Image-scaling attacks 

Deep learning (DL) technologies have exceeded human opportunities. Due to its wide demand, it has become the core of computer vision development, natural language processing, and other vital areas like medical diagnosis. Deep neural networks (DNNs) are essential in deep learning. They are now preferable for complicated tasks and come in handy in various vision applications. However, their reliability is put at risk. With further explorations, deep neural networks have been found vulnerable to specifically built adversarial attacks that damage prediction results or lead to data leakage. 

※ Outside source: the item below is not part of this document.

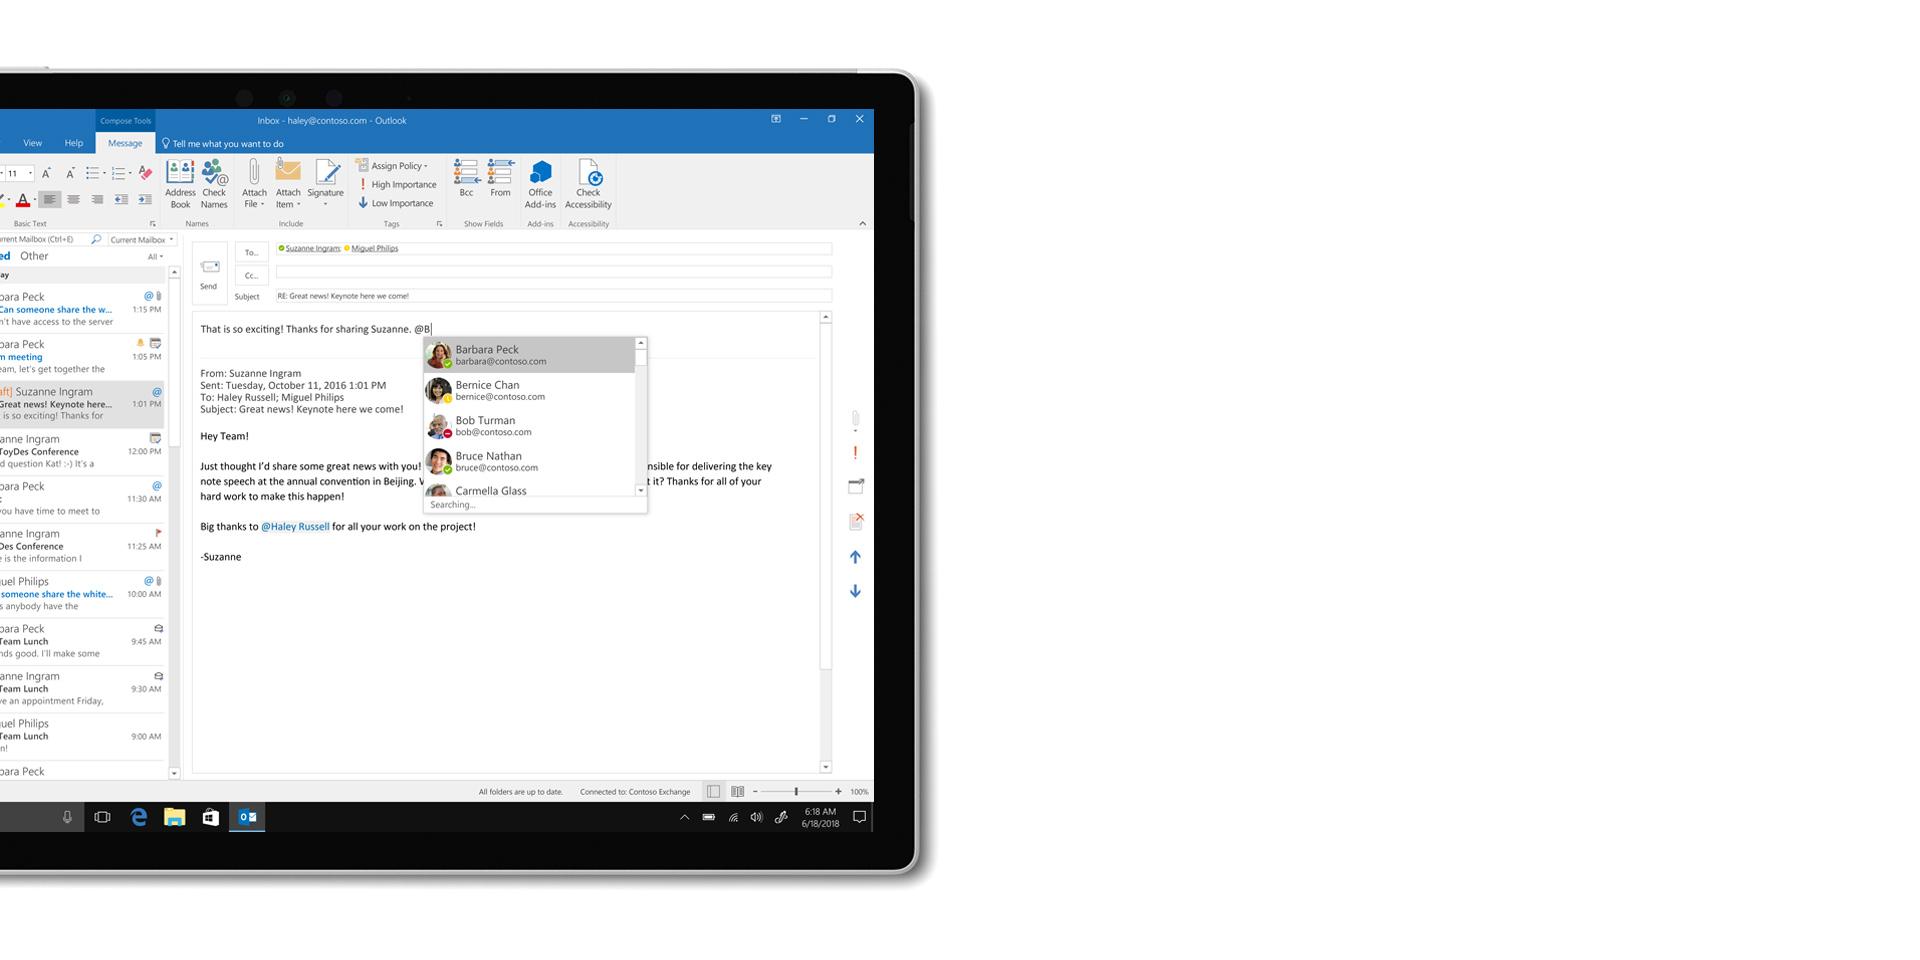 Outlook-app weergegeven op scherm van Surface Book 2, losgekoppeld van toetsenbord.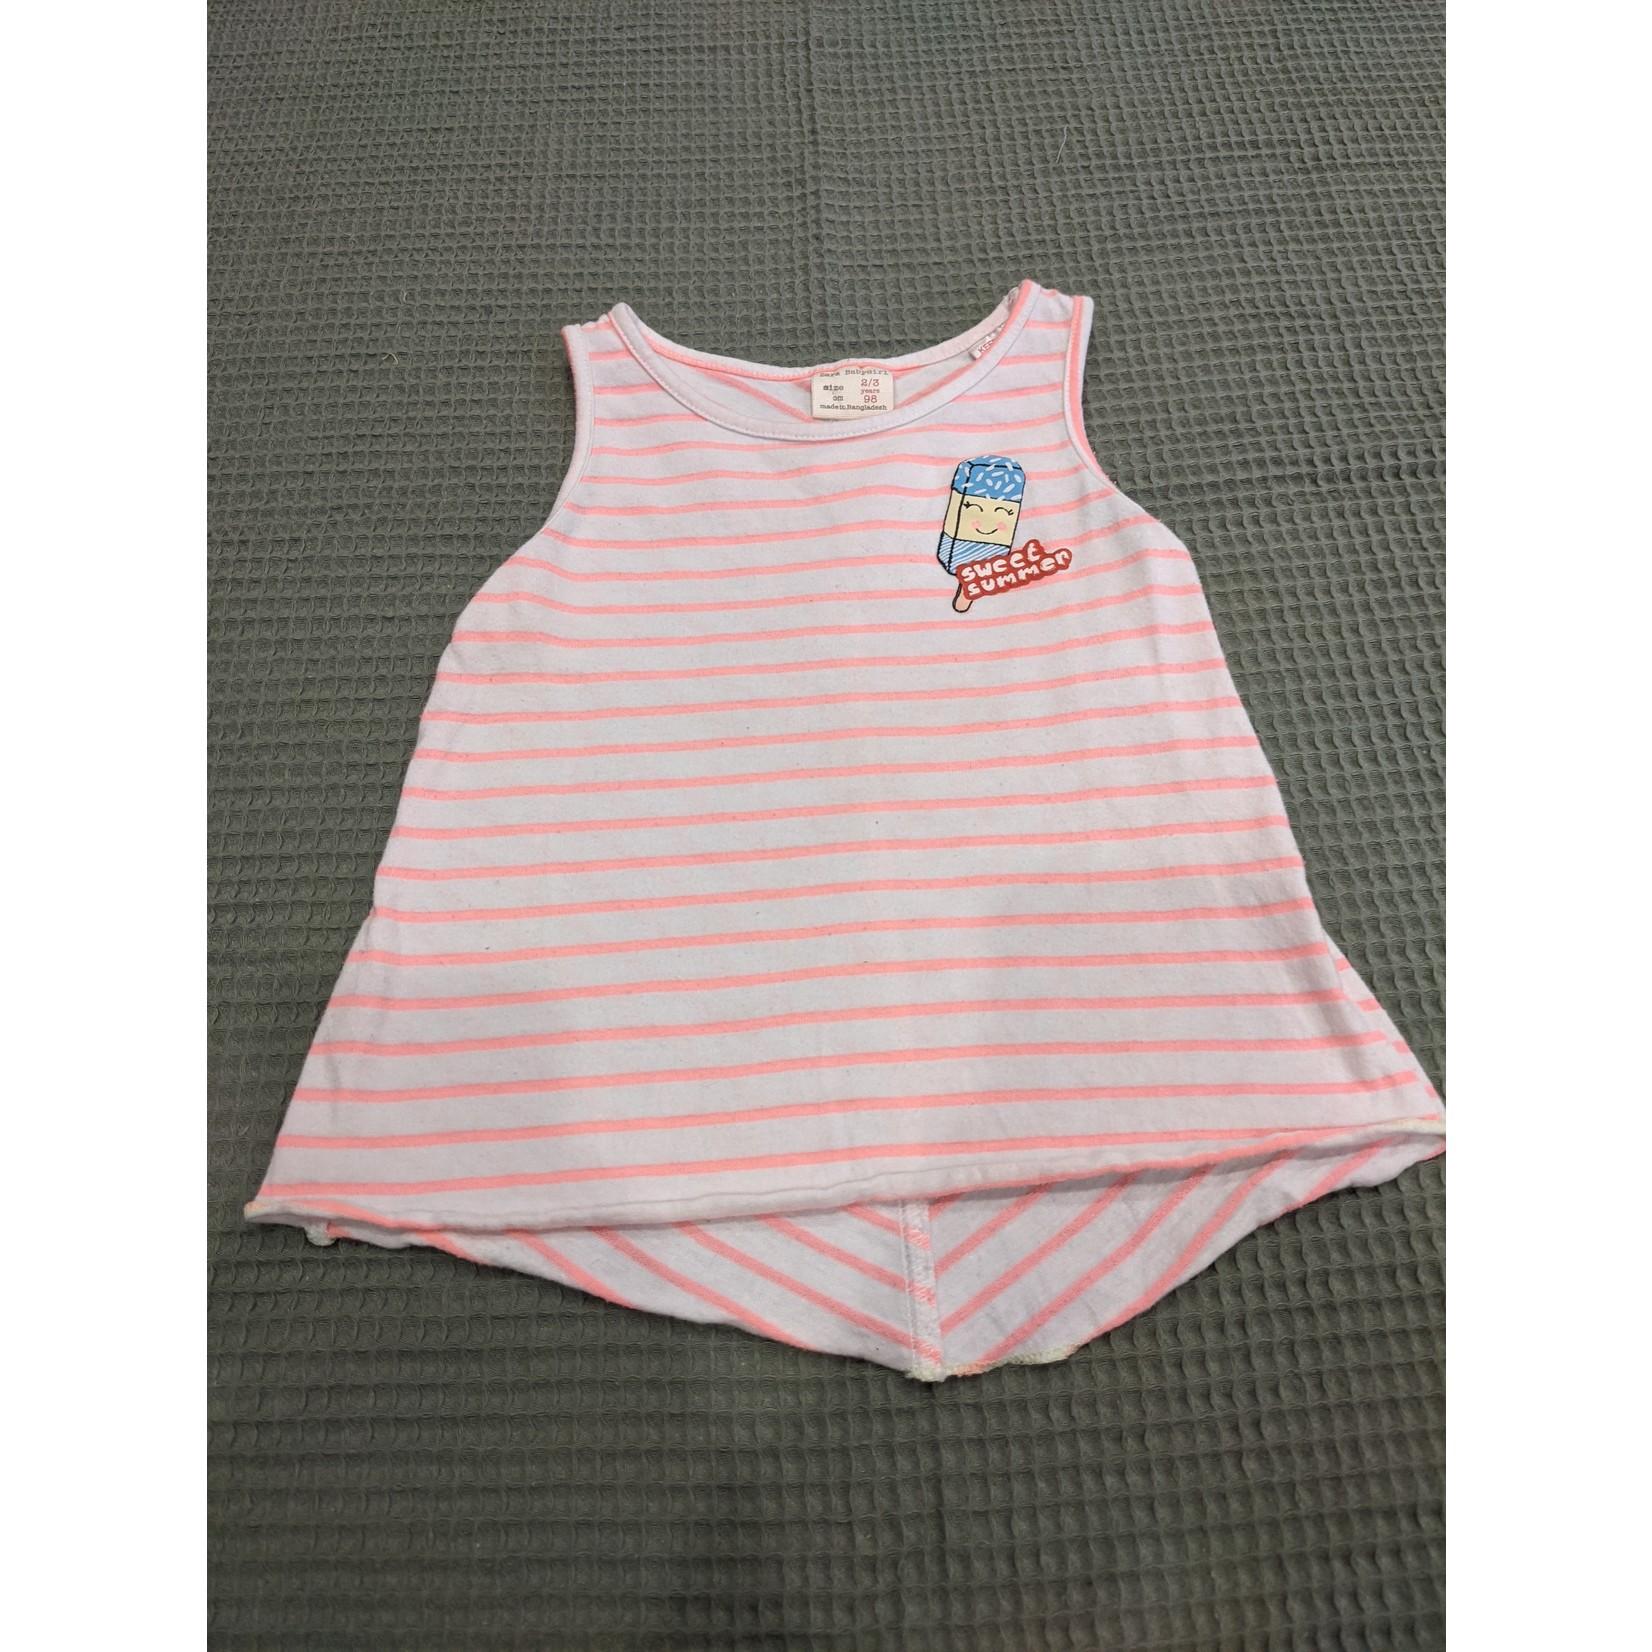 #54 Camisole Zara ligné rose

This work relates to the image signal processing (ISP) pipeline. Numerous vision devices use it as it helps make RAW-to-RGB transformations and is implemented for image processing. Researchers Junjian Li and Honglong Chen create a so-called image-scaling attack with a target on an ISP pipeline. A certain adversarial RAW can turn into an attack image of a different appearance if scaled. 

The experiments demonstrate that the adversarial attacks can develop adversarial RAW data against the target ISP pipelines with high attack rates.

The researchers create an image-scaling attack targeting the ISP pipeline. As a matter of fact, the impacts of both the ISP pipeline and data preprocessing are considered in vision applications.They experiment and assess their effectiveness.